▶

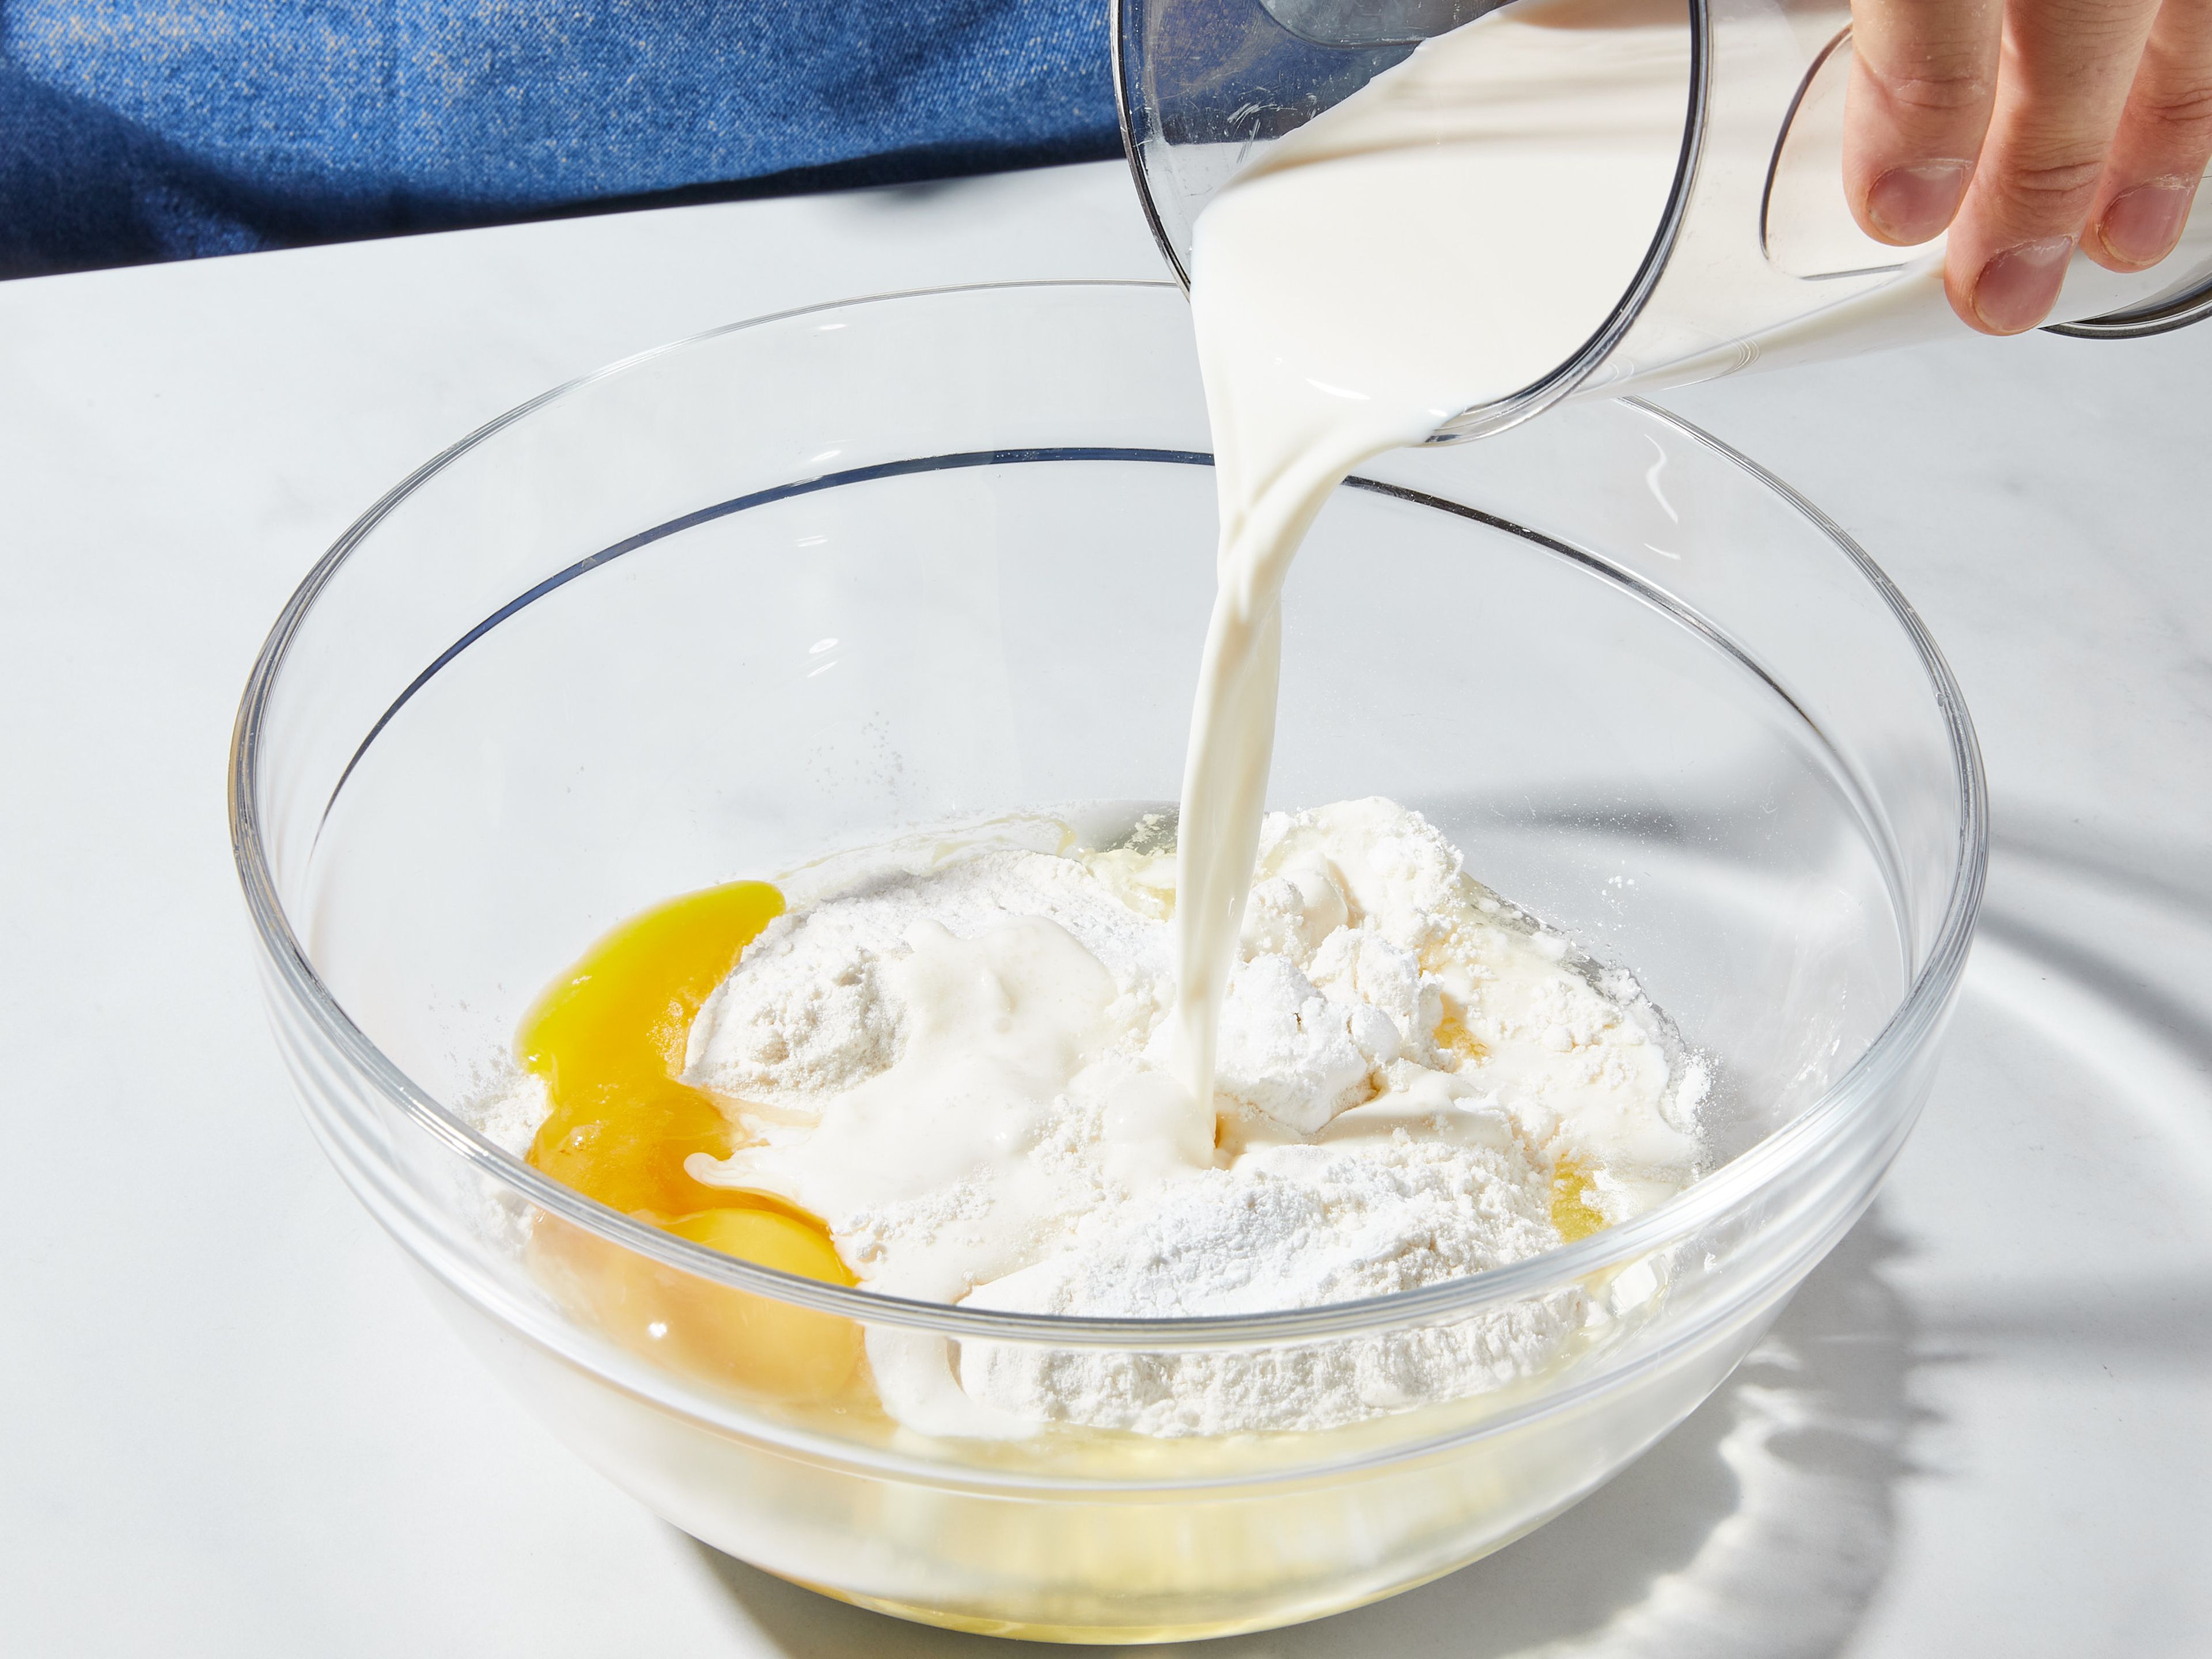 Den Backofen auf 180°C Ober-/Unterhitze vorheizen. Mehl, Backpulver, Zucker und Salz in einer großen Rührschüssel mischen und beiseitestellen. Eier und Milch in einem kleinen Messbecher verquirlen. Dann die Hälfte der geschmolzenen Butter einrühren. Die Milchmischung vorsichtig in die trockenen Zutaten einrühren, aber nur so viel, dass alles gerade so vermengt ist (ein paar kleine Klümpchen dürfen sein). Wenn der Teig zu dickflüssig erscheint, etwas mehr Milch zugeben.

◀
▶

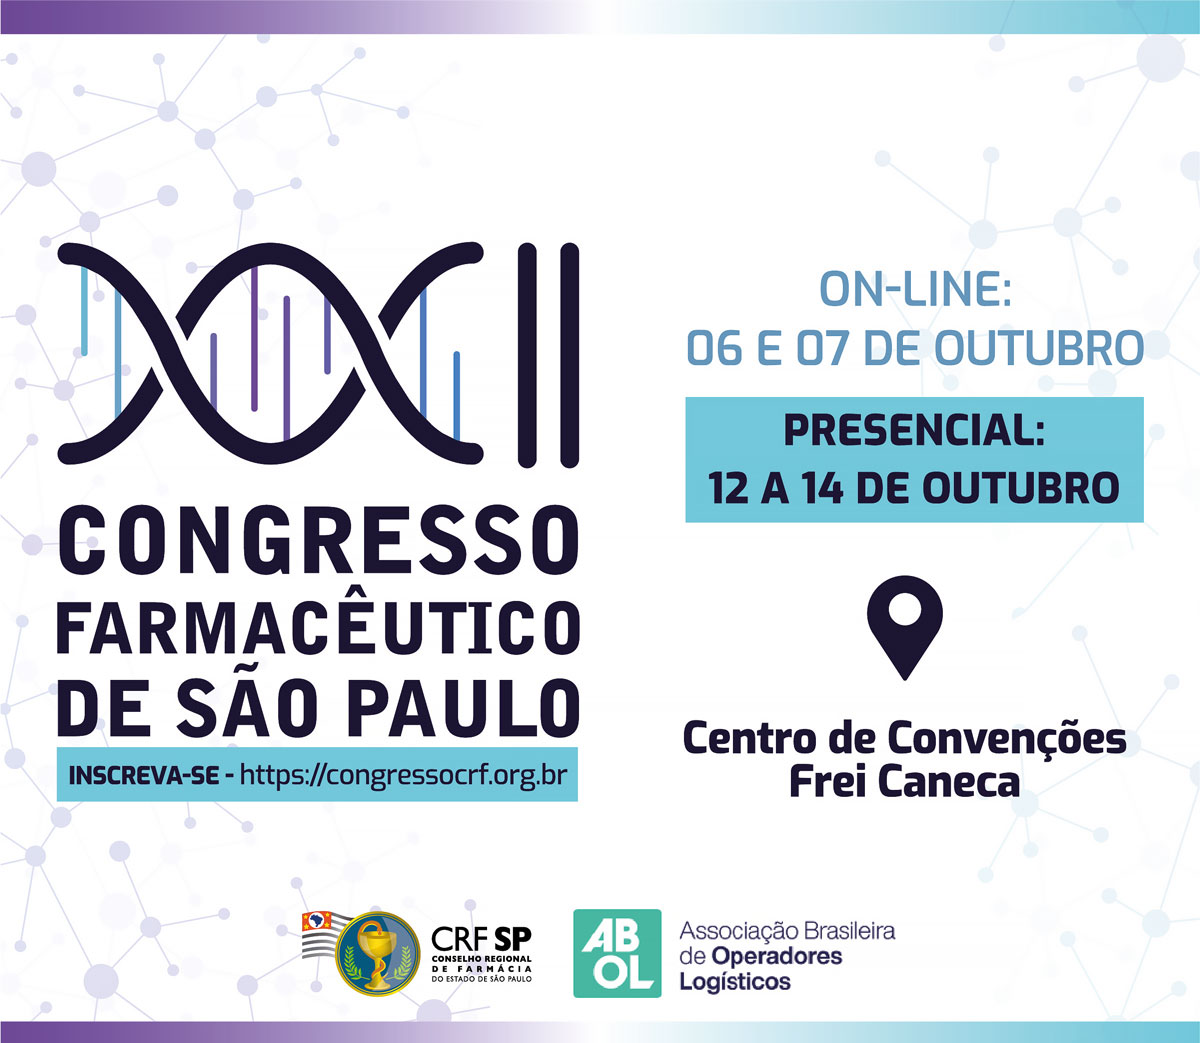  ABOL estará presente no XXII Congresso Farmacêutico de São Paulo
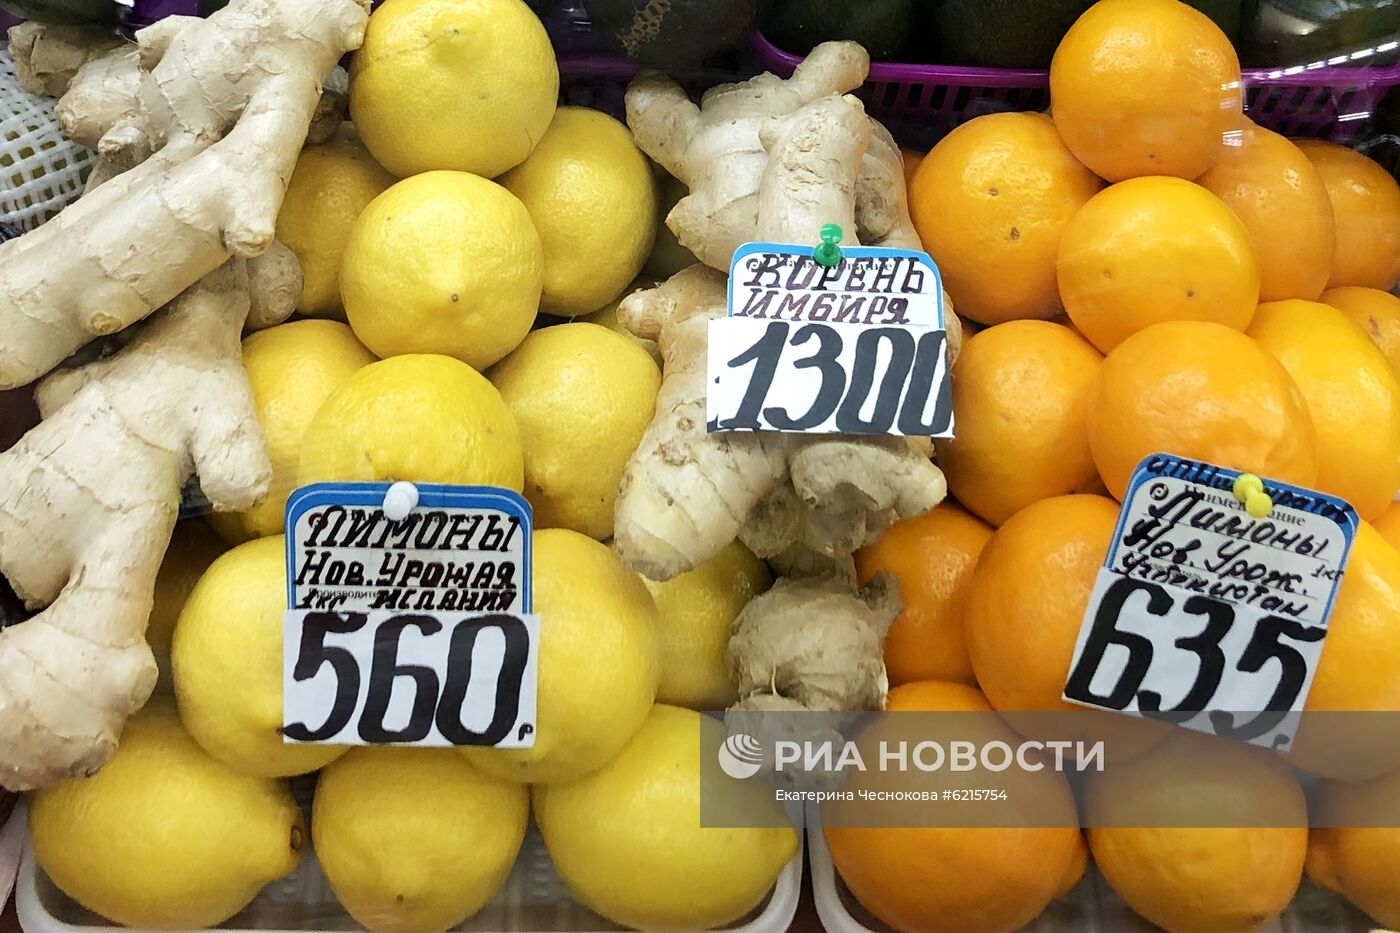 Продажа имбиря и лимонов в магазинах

◀

What is required »
Give again the lines of the listing above that run from the one with "ABOL estará presente" up to and including the one with "Продажа имбиря и лимонов в магазинах". Keep them exact and omit the pictures.

Output »
  ABOL estará presente no XXII Congresso Farmacêutico de São Paulo
 Продажа имбиря и лимонов в магазинах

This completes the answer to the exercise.